Dennis P. Stocker is a scientist at the NASA Glenn Research Center who studies flames using microgravity. He reached out with news about a design challenge that sounds like a great fit for teachers looking for ways students can get into real-world science – the Capillary Effects on Liquids Exploratory Research Experiments (CELERE) Design Challenge. We asked a few more questions about the opportunity and why it’s such a great fit for young scientists. For details, including how to submit your work before the February 1st deadline, click here.
If February 1st is too soon for your class, NASA is also accepting entries for runs of the tests in March and April. And, entries have a very good chance of selection. In 2014, 100% of the designs submitted were built and tested.
What are students designing?
Students design test cells with channels in which oil will rise when it’s placed in a microgravity environment. First, the test cell is placed in a small pool of oil in front of a video camera. Then the experiment is dropped down a tall shaft at Portland State University. A camera films the test cell as it falls for 2.1 seconds and records the behavior of the oil. While falling, the experiment experiences microgravity. Just like the Power Tower at Cedar Point or the Tower of Terror at DisneyWorld.
What’s the connection to space?
This challenge is strongly related to the Capillary Flow Experiment (CFE) that the astronauts regularly conduct on the International Space Station. And the microgravity environment that is created in the drop tower is similar to that which the astronauts experience on the station. In both cases, apparent weightlessness, i.e., microgravity, is experienced because of the falling motion. Gravity at the altitude of the space station is only a little lower than at the surface of the Earth, where the astronauts float because of the falling motion of their orbit around the Earth.
Capillary action takes place when the molecules of a liquid are more attracted to a surface than to other liquid molecules. It is through this mechanism that water can climb to the top of trees. But gravity is pulling down on Earth, so the water will only rise through very small tubes called capillaries. But in microgravity, capillary action can happen in large channels making the experiments simpler. Understanding capillary action is also important for liquid systems in spacecraft. On Earth, we know that liquids go to the bottom because of gravity, but in microgravity, where it seems like there is no up or down, the liquids will move instead because of capillary action.
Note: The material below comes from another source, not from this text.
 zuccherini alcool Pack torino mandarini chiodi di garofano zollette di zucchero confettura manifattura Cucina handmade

Why organize this project as a design challenge?
The purpose is to have an open-ended project, in which the students can create their own experiments. There is no fixed objective and the students can determine their own goals, where this emulates curiosity-driven research. NASA regularly asks for ideas for research, e.g., to conduct in space, and this program emulates that through its challenge for students to come up with their own experiments.
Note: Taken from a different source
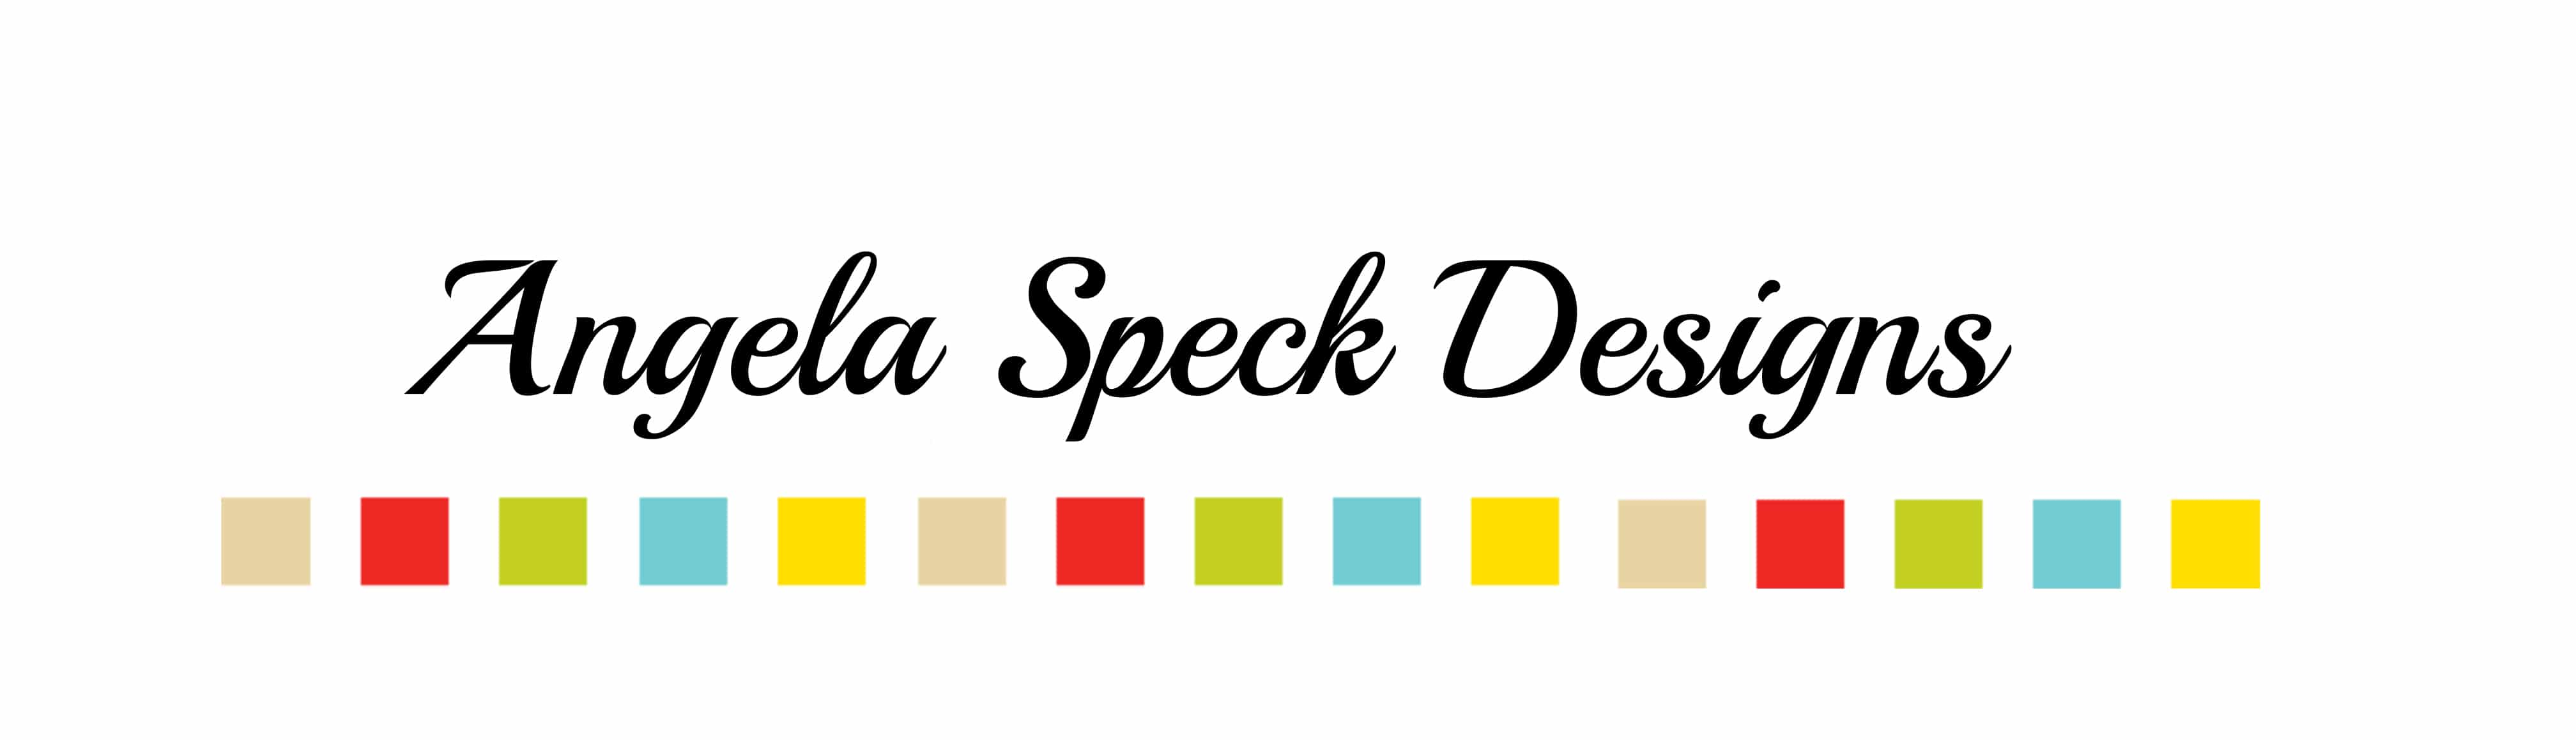 Speck Logo - Angela Speck LOGO COLOR AMS DESIGNS Color lg-1 - Vero Beach Wine ...

Can you just tell us a little bit about you and why you’re working on this project
I work at the NASA Glenn Research Center in Cleveland, OH and work on experiments studying flames in microgravity, using both the space station and drop facilities, where I’ve worked on space shuttle experiments in the past. I’m also actively involved in NASA’s educational outreach, especially when it relates to microgravity, and am one of the creators and leaders of this design challenge.